I still use persistent docs but they're very spare and often completely contractual. "Yes, I can enumerate the exact 97 cases I need to support, and we are tracking each of these in a markdown doc". That is fine IMO. Not "here let me explain what this code does". Or even ADRs - I love ADRs, but at least for my use case, I've thrown out the project and rewritten from scratch when too many of them got cluttered up... Lol.
I'm also re-implementing an open source project (with the intent of genuinely making it better as a daily user, licensed under the same license, and not just clean rooming it), which makes markdown spam less appealing to me. I kind of wish there was yet another git wrapper like jujutsu which easily layered and kept commits unified on the same branch but had multi-level purposes like this. Persistent History for some things is not needed, but git as a wrapper for everything is so convenient. Maybe I just submodule the notes....

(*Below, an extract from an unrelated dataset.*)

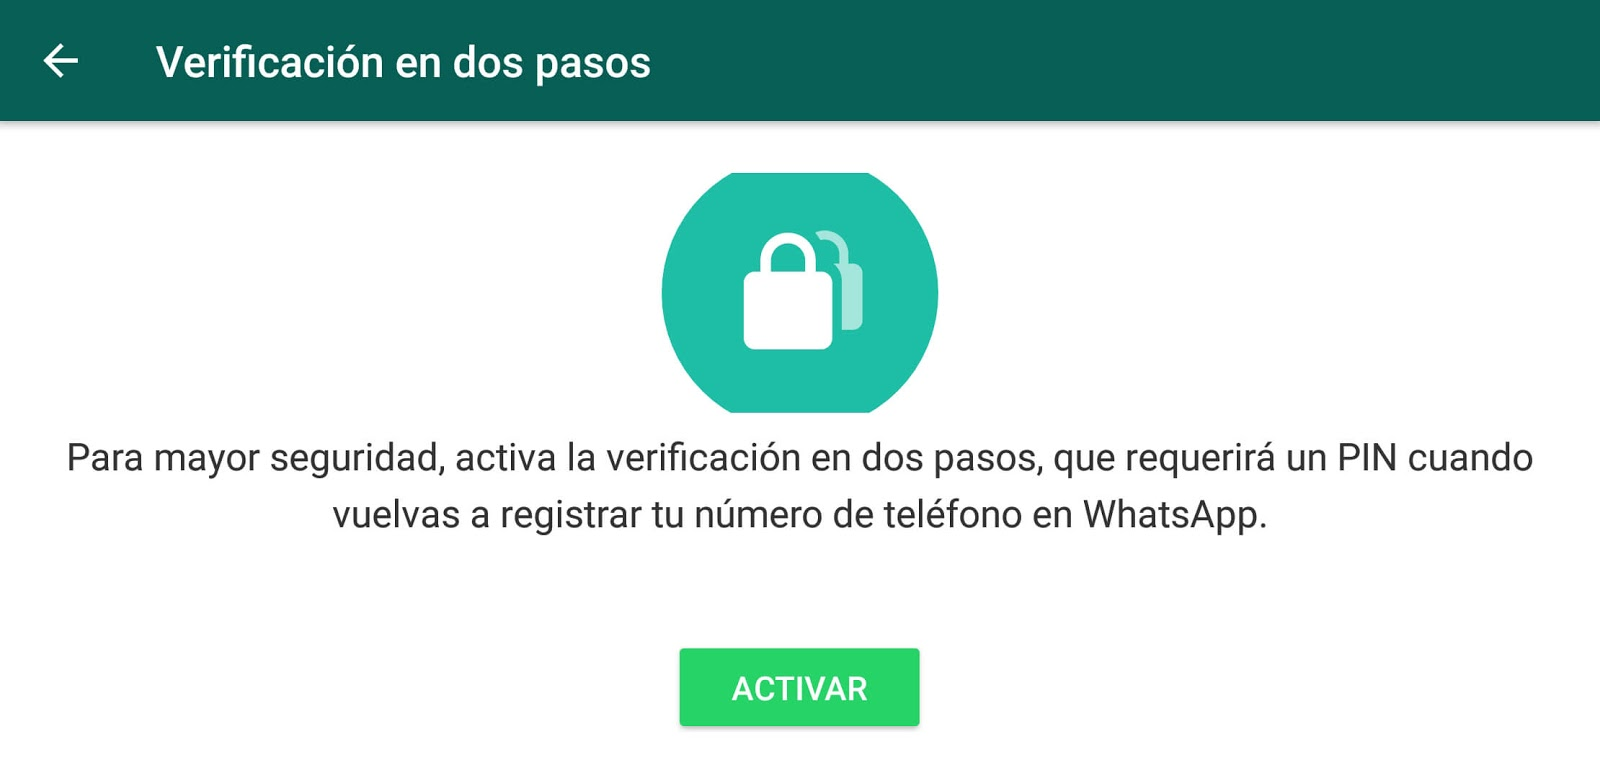 La pantalla de verificación de dos pasos en WhatsApp

Note: my approach isn't the best, heck, 1 month ago OpenAI wrote an article on harness engineering where they had many parallel agents working, including some which aggressively garbage collected. They garbage collected in the sense that yes, prolific docs point agents to places XYZ, but if something goes out of date, sync the docs. Again, That works if you have a huge compute basin. But for my use cases, my approach is how I combatted markdown spam.
Some constraints are:
- Non-programmers are not used to working with Git.
- In practice, they (usually PMs or feature designers) need to write their documents somewhere else.
Possible solutions are:
- Make non-programmers use Git as a documentation tool (upgrade your tooling or GTFO).
- Build a two-way sync tool so that programmers and non-programmers can work from the same source.
Reviewing docs in Github isn't great - as the post mentions, Google Docs or similar is typically where review happens. Spectagon aims to change that so that you can submit PRs for docs and you get a great review experience as a layer on top of Github.
However, in corporations, docs are often in Confluence or MS Sharepoint, separate from the code. Tech specs often require comments, discussion, or estimate/budget approvals from non-tech staff. Hence, some corporate AI coding tools can refer to docs in such corporate sites. That doesn't work too well yet, IMHO ... time will show.
> Non-engineers usually don't have repo access. [Answer:] (1) You can deploy your docs on an internal-only website. (2) There is clear trend with non-engineer code access (which poses some interesting security challenges).
Regarding (2): If, on the other hand, you have your agent use MCP to query, e.g., Confluence, anyone with access to Confluence could in theory do a prompt injection and possibly get access to your repo.
At least doc changes in the repo will undergo code review.